The importance of educating kids on compostables

Daphna Nissenbaum

By Daphna Nissenbaum, CEO and co-founder of TIPA

In 2018, when Briton Dee Caffari skippered her Volvo Ocean Race crew through the Atlantic, the team were aghast to see a wheelie bin bobbing in the sea.

For the young crew – barely out of school – of the Turn the Tide on Plastic yacht, the floating bin was a sobering reminder of the urgency of the fight against marine plastic pollution – a battle they took to the high seas with their participation in a gruelling round-the-clock yachting competition.

In the same year on British soils, the then education secretary, Damian Hinds, urged schools in England to use sustainable alternatives to single-use plastic items such as food packaging and cutlery. An important step to take to begin eliminating plastic from the classroom.

But the minister’s move begs the question of what further efforts can be made to incorporate education about the alternatives to traditional plastic into the standard curriculum.

In the UK only 12 per cent of plastics packaging are recycled due to poor collection; lack of infrastructure which can deal with the plastic; and importantly, a lack of education. Since young people are more committed than older people to giving up single-use plastic, further understanding of how to avoid contaminating recycling, how to deploy composting for food waste and compostable materials, and on the alternatives to traditional single-use plastics, is vital.

Consumers face an array of complications since not all single-use plastics can be recycled. Flexible packaging – any package or part of a package whose shape can be readily changed – is soft and flimsy. This makes it tricky to be recycled into anything useful after one use. Cling film, thin film lids and carrier bags, are all examples of flexible packing which are not collected by local councils and end up going to incineration instead.
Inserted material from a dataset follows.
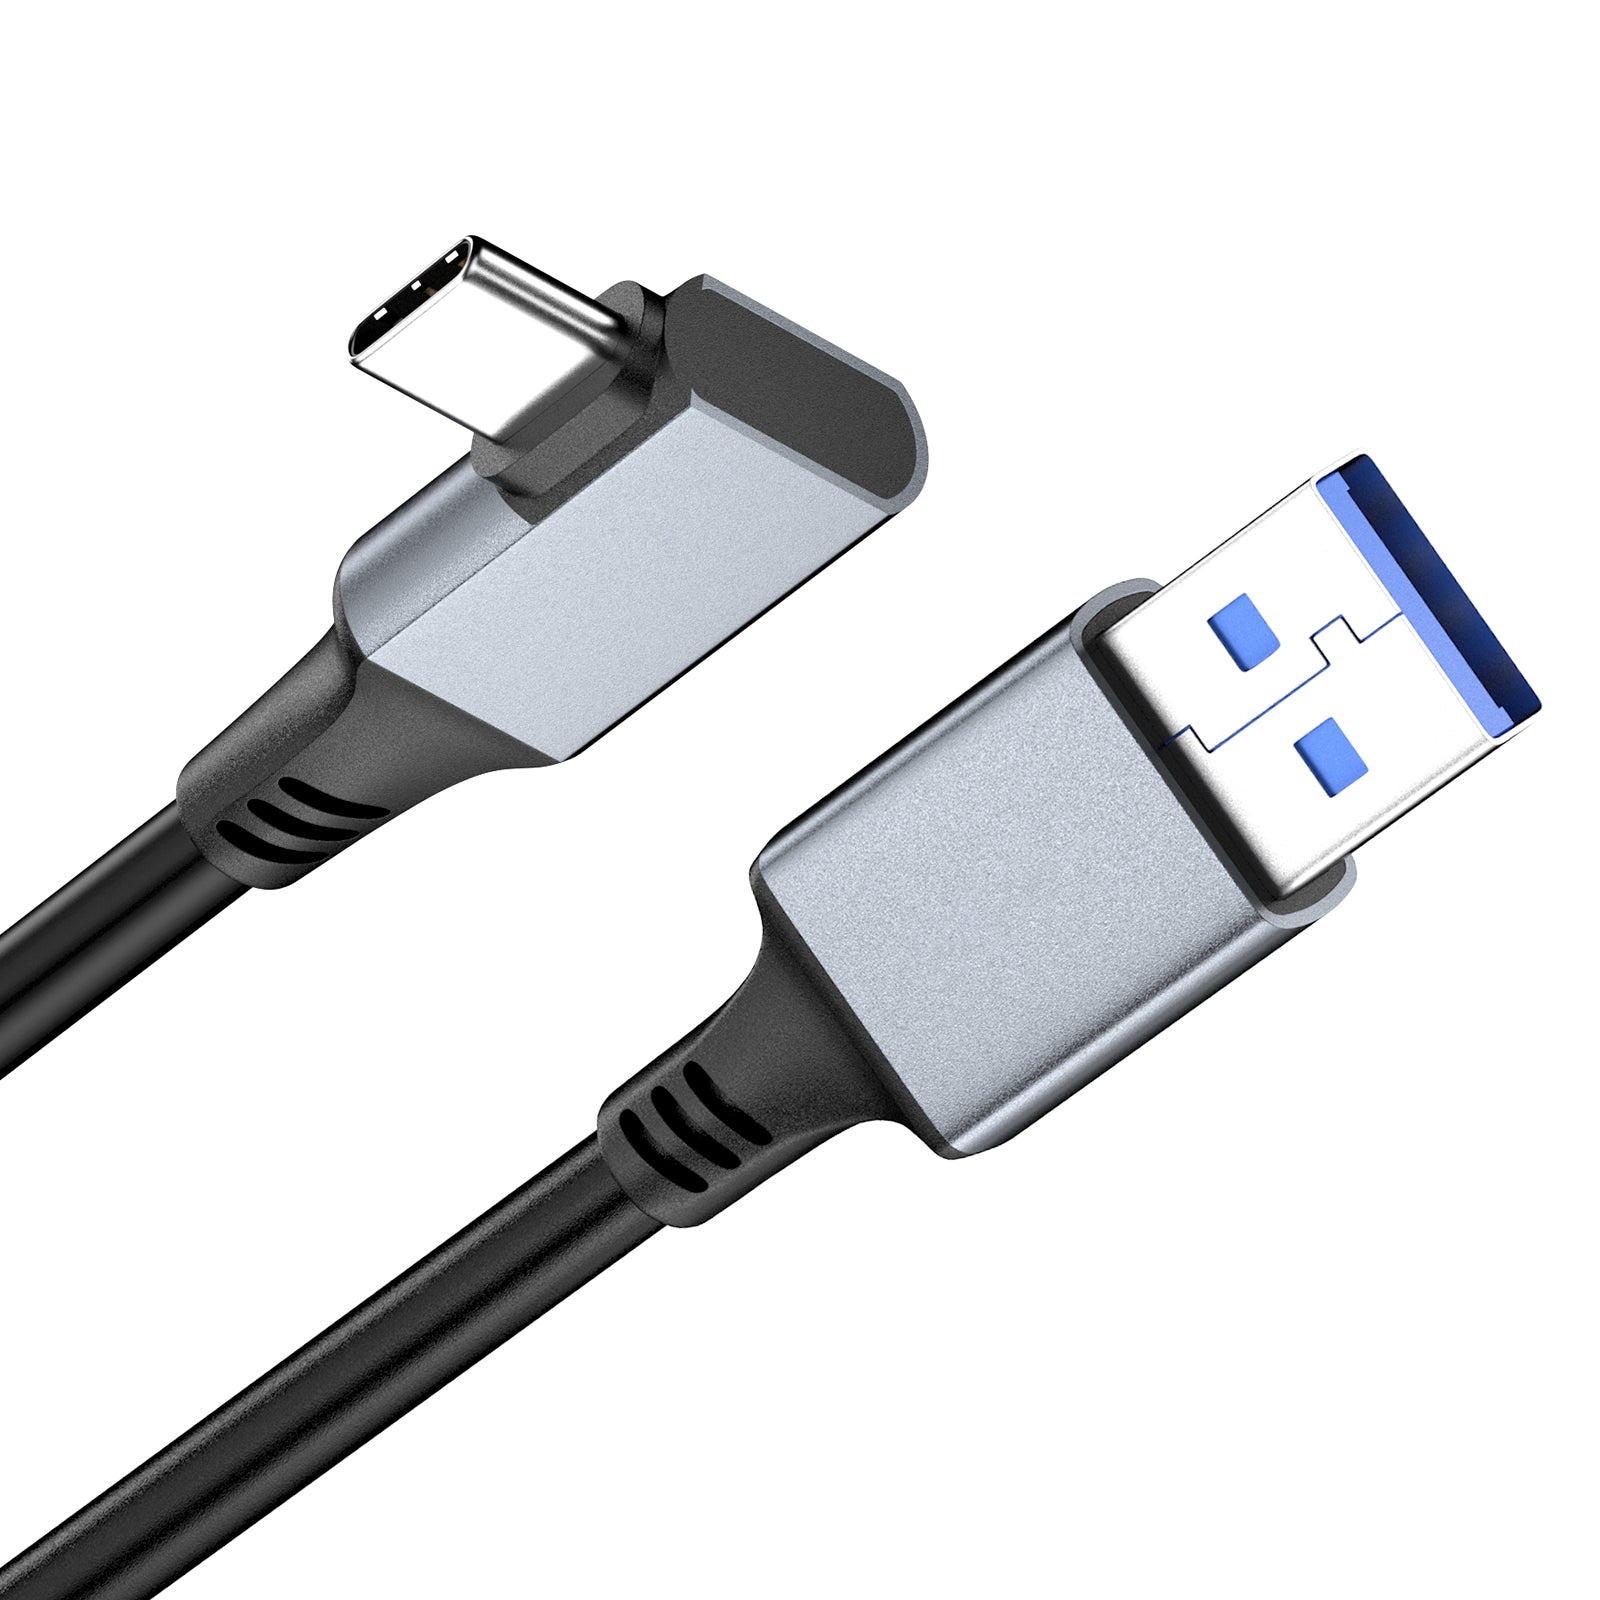 Link Cable 23 FT Compatible with Meta/Oculus Quest 2 Accessories and PC/Steam VR,with Separate Charging Port & High Speed PC Data Transfer,USB 3.0 Type A to C Cable for VR Headset and Gaming PC
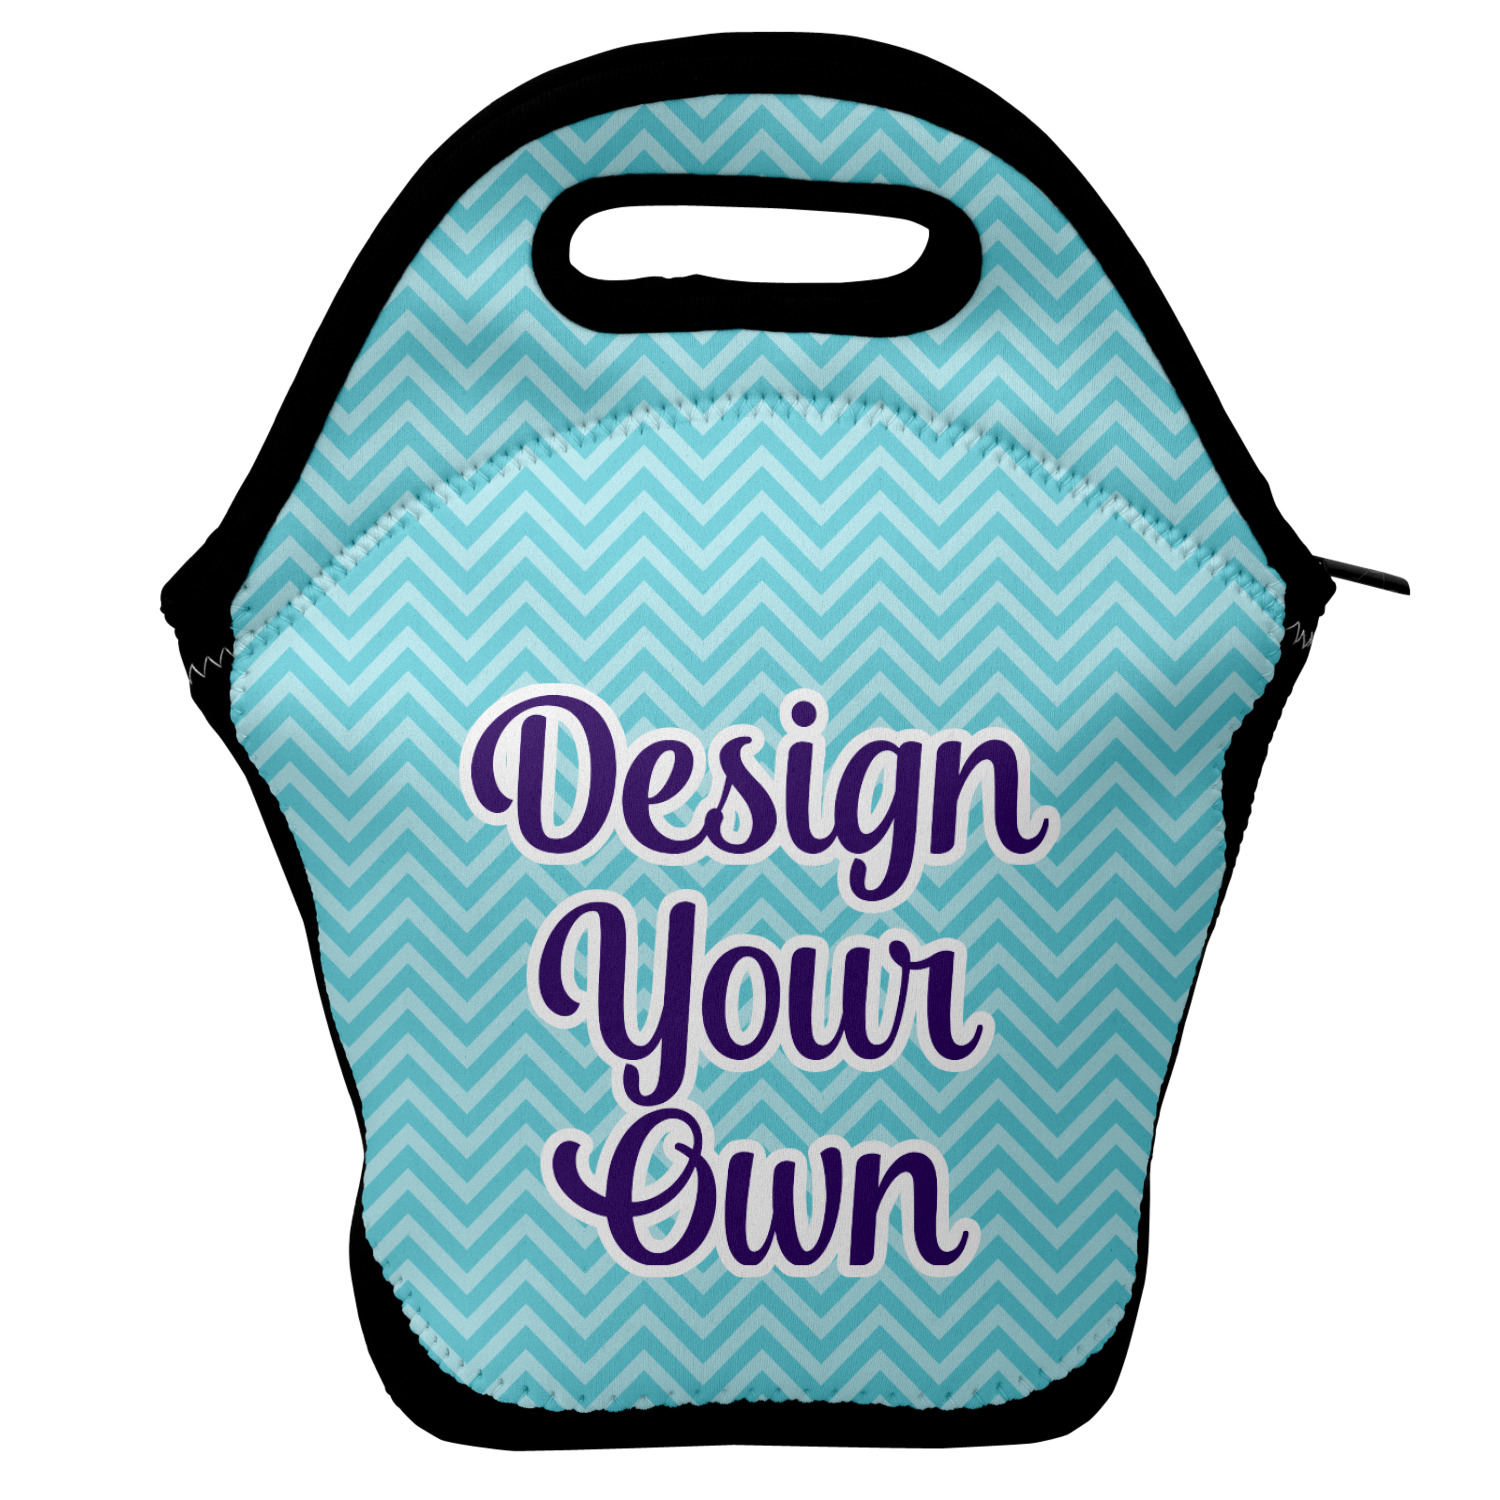 https://www.youcustomizeit.com/common/MAKE/965833/Design-Your-Own-Lunch-Bag-Front.jpg?lm=1562956522

The remaining 88 per cent is generally dumped, rotting in landfill or the natural environment for an eternity. In some cases, plastic is incinerated. Similar to burning fossil fuels in vehicles, it is another way of burning oil which has proven adverse environmental consequences including releasing tonnes of harmful CO2 into the atmosphere.
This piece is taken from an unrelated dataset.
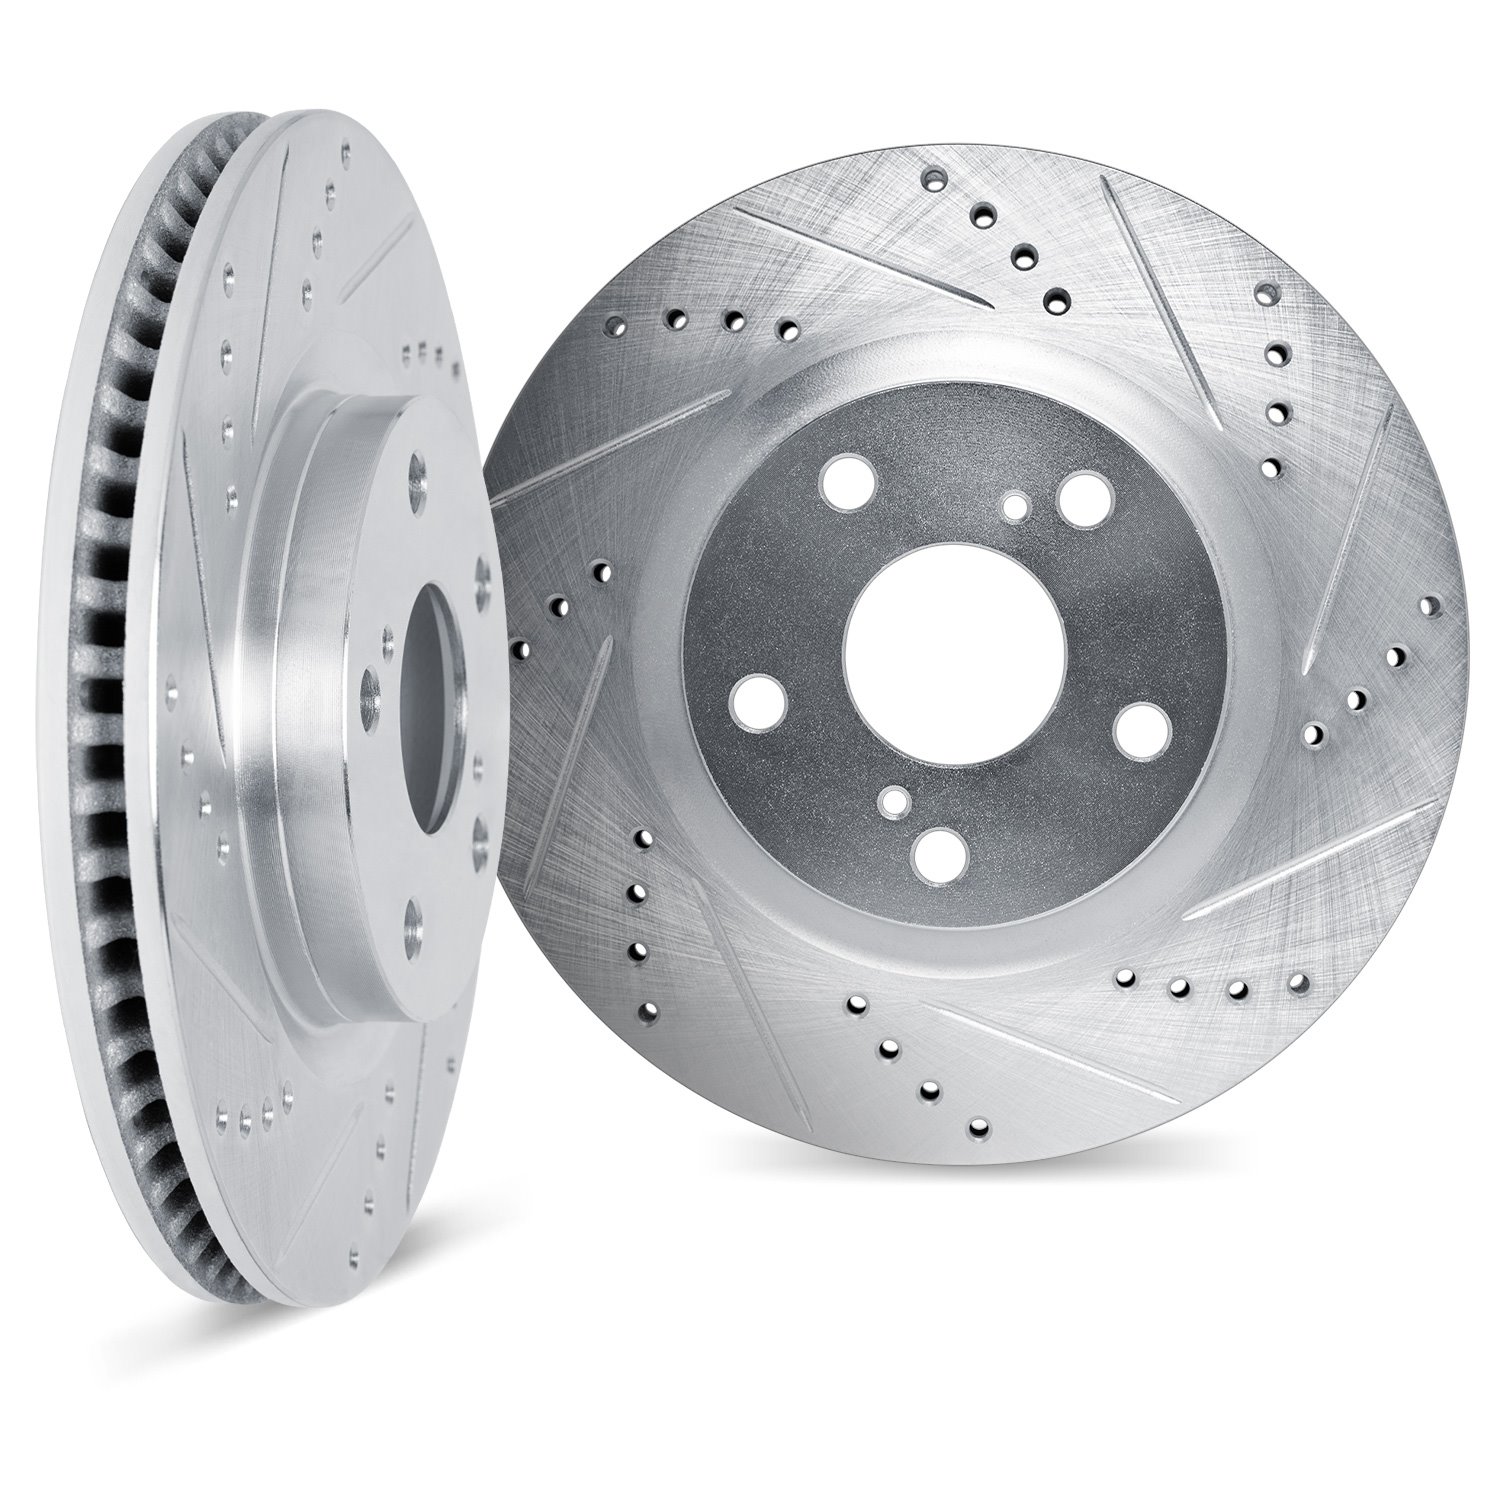 7002-75035 Drilled/Slotted Brake Rotors [Silver], Fits Select Lexus/Toyota/Scion, Position: Rear

Yet there is room for optimism. For a while now behaviourists have been compiling evidence that children can influence sustainability habits in UK homes in ways such as encouraging the use of recycling. Parents have even begun to receive ‘tellings-off’ from their kids for not recycling.

Clearly education is not just for the young. A full shake-up of the current syllabus could be exactly what is needed in the UK.
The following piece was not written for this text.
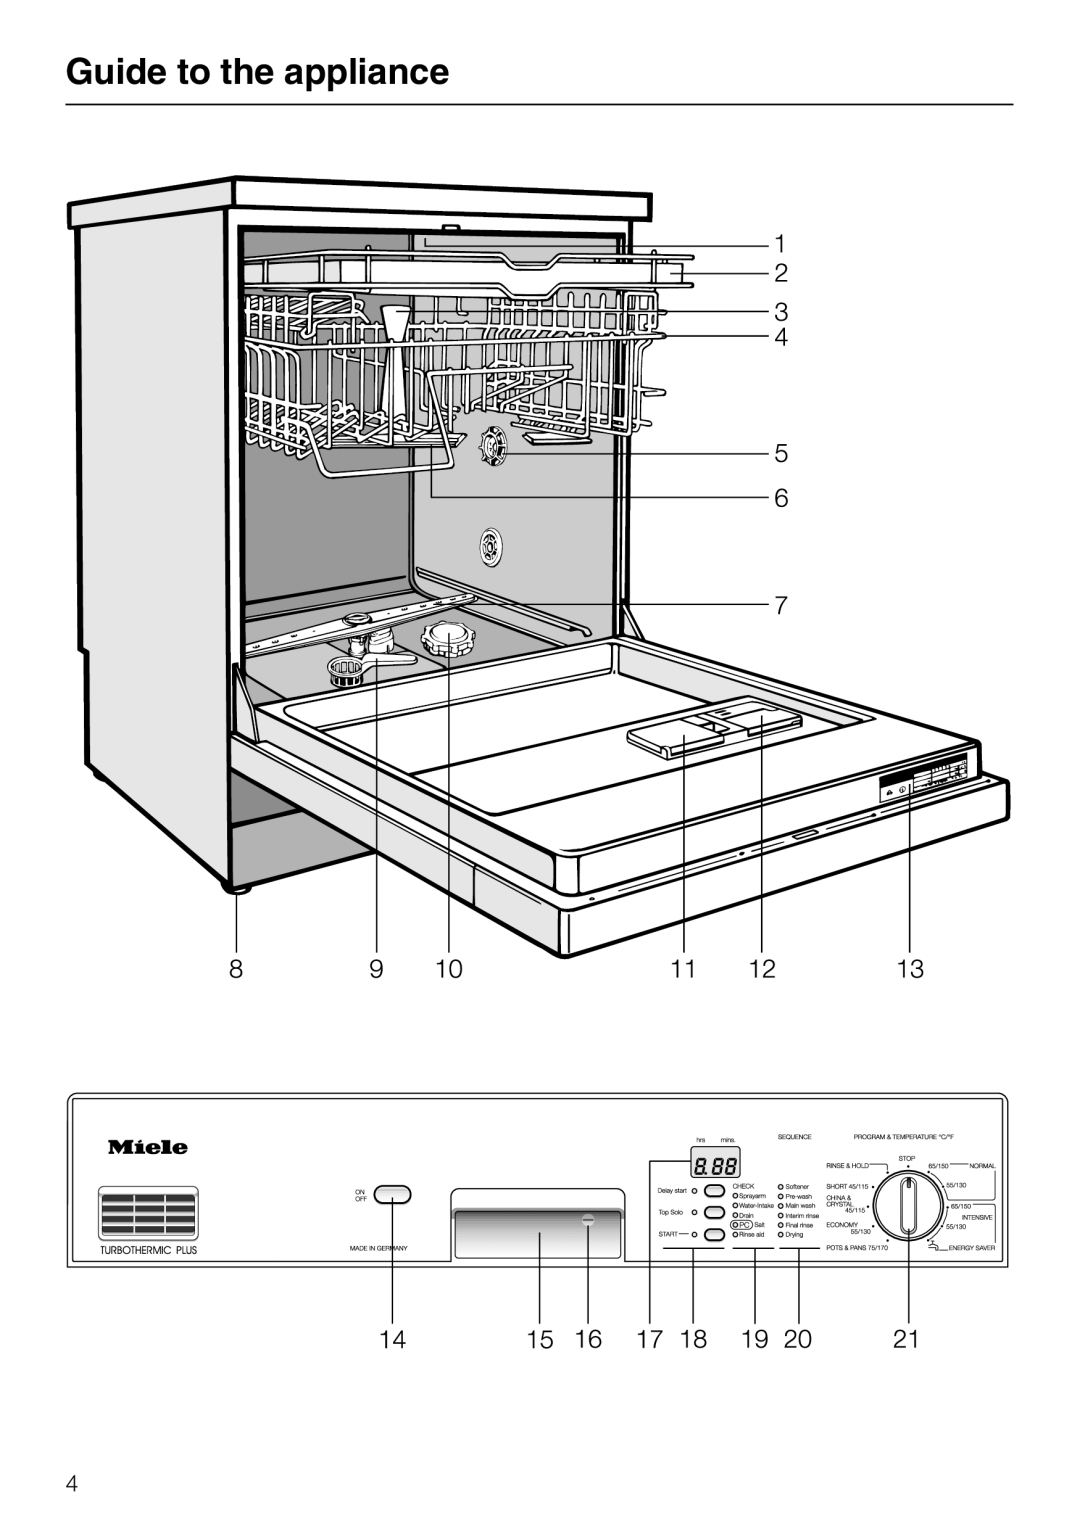 Miele M.-NR. 04 390 922 operating instructions Guide to the appliance

Education on plastic alternatives is not just an environmental but an economic and employment imperative too. The circular economy is projected to provide 450,000 new jobs in the UK and many of these will be within the packaging industry.

The UK Government has taken a step forward with its plans for food waste recycling schemes – to be rolled out across England by the start of 2025 – but if no one understands the importance of it the success of the scheme is called into question. Money must be allocated to developed resources and materials for schools and the government should look to leverage the expertise of the many environmental NGOs leading the way.

By acting together, educating the next generation could be achieved through workshops, field trips, community engagement and forward thinking.

Much like the young crew of the Turn the Tide of Plastic yacht, today’s schoolchildren do not want to live in a world where the soils are 23 times more polluted with plastic even than the oceans.  It is therefore vital that they have the tools and the information to become tomorrow’s composters, recyclers and re-users.  And it is they, too, who will research and invent the next generation of materials.

Single-use plastic is yesterday’s technology. Compostable materials are tomorrow’s.